论文标题
通过半结构化数学推理的策略梯度进行动态及时学习
Dynamic Prompt Learning via Policy Gradient for Semi-structured Mathematical Reasoning
论文作者
论文摘要
数学推理是人类智力的核心能力,在抽象思维和逻辑推理中对机器提出了独特的挑战。最近的大型预训练的语言模型(例如GPT-3)在以文本形式(例如数学单词问题(MWP))编写的数学推理任务上取得了显着的进步。但是,未知模型是否可以处理更复杂的问题,这些问题涉及数学推理,例如表格数据。为了填补空白,我们提出了表格数学单词问题(TABMWP),这是一个包含38,431个开放域级等级问题的新数据集,这些问题都需要在文本和表格数据上进行数学推理。 TABMWP中的每个问题都与表格上下文对齐,该上下文作为图像,半结构化文本和结构化表。有两种类型的问题:自由文本和多选项,每个问题都用金解决方案注释以揭示多步推理过程。我们在TABMWP上评估了不同的预训练模型,包括在几次设置中的GPT-3模型。正如早期研究所表明的那样,由于很少有GPT-3依赖于封闭式示例的选择,因此其性能是不稳定的,并且可能会降低到几乎机会。处理TABMWP等复杂问题时,不稳定的问题更为严重。为了减轻这种情况,我们进一步提出了一种新颖的方法,即PresspG,该方法利用策略梯度学会从少量培训数据中选择秘密示例,然后为测试示例构造相应的提示。实验结果表明,与随机选择相比,我们的方法在准确性度量上优于最佳基线,并大大降低了预测差异,这可以验证其在选择中文本示例中的有效性。
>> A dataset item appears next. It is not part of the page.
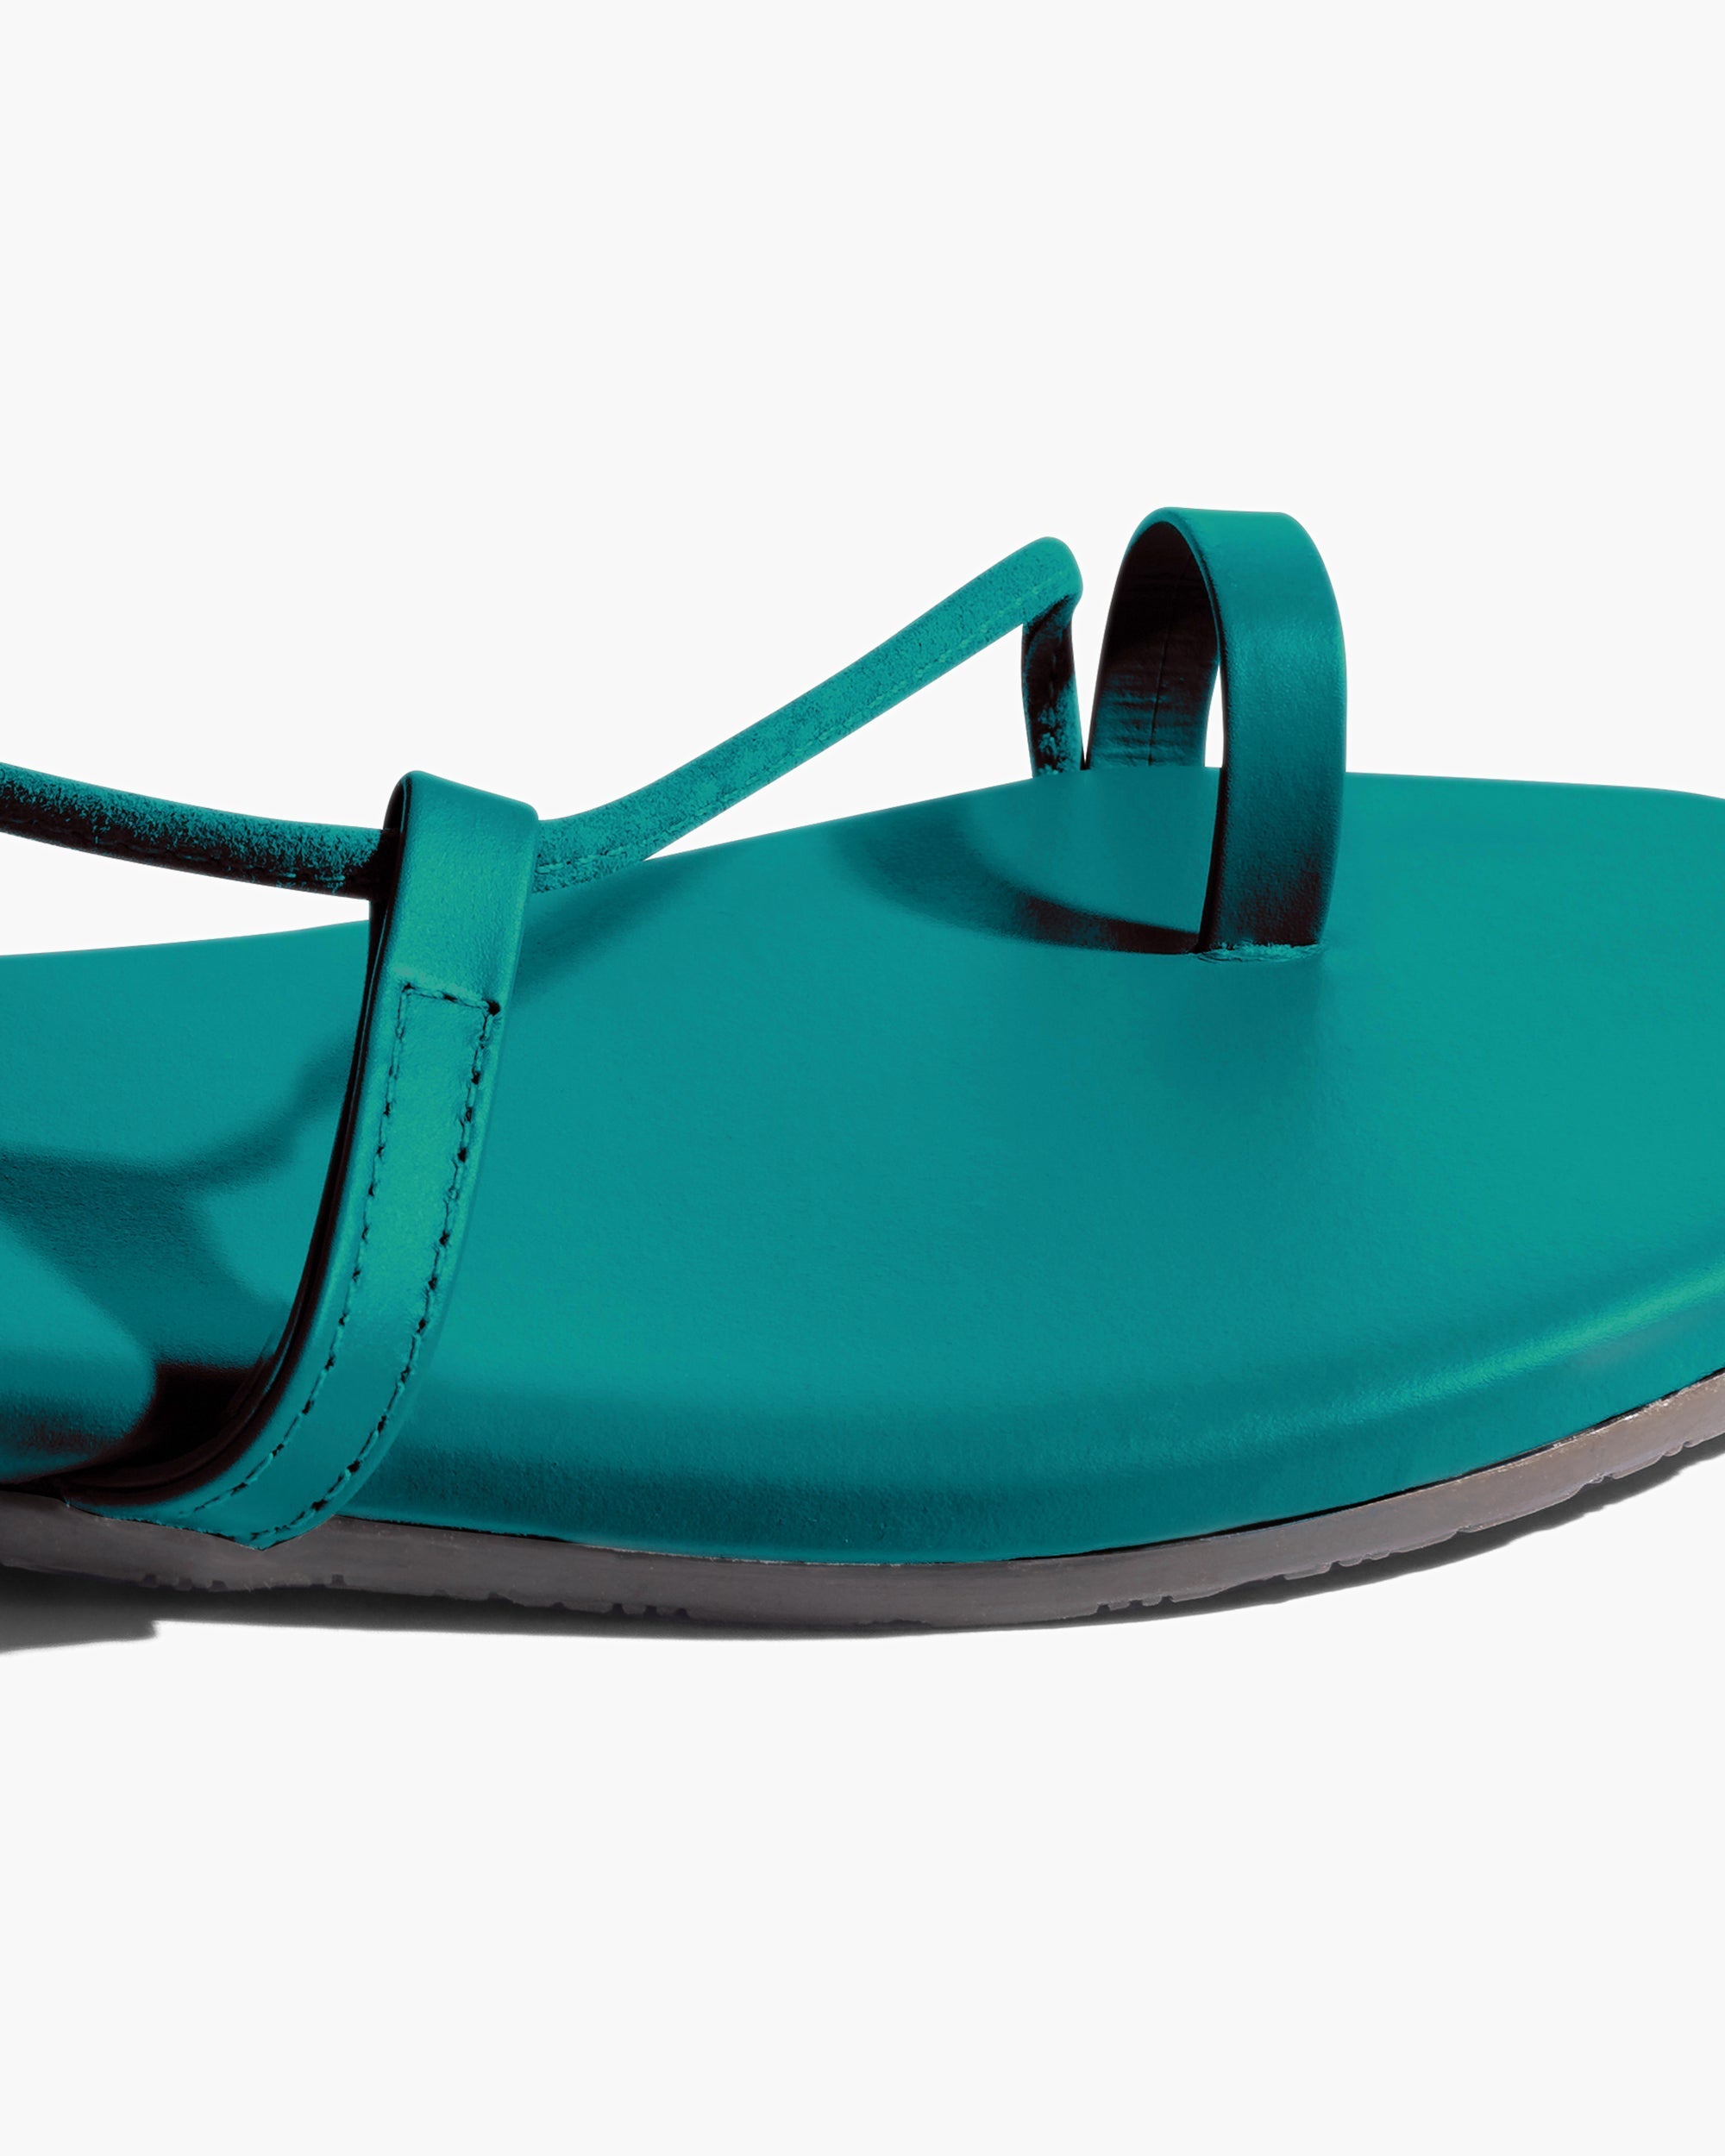 Turquoise Women's TKEES Jo Pigments Sandals | HETVLN468

Mathematical reasoning, a core ability of human intelligence, presents unique challenges for machines in abstract thinking and logical reasoning. Recent large pre-trained language models such as GPT-3 have achieved remarkable progress on mathematical reasoning tasks written in text form, such as math word problems (MWP). However, it is unknown if the models can handle more complex problems that involve math reasoning over heterogeneous information, such as tabular data. To fill the gap, we present Tabular Math Word Problems (TabMWP), a new dataset containing 38,431 open-domain grade-level problems that require mathematical reasoning on both textual and tabular data. Each question in TabMWP is aligned with a tabular context, which is presented as an image, semi-structured text, and a structured table. There are two types of questions: free-text and multi-choice, and each problem is annotated with gold solutions to reveal the multi-step reasoning process. We evaluate different pre-trained models on TabMWP, including the GPT-3 model in a few-shot setting. As earlier studies suggest, since few-shot GPT-3 relies on the selection of in-context examples, its performance is unstable and can degrade to near chance. The unstable issue is more severe when handling complex problems like TabMWP. To mitigate this, we further propose a novel approach, PromptPG, which utilizes policy gradient to learn to select in-context examples from a small amount of training data and then constructs the corresponding prompt for the test example. Experimental results show that our method outperforms the best baseline by 5.31% on the accuracy metric and reduces the prediction variance significantly compared to random selection, which verifies its effectiveness in selecting in-context examples.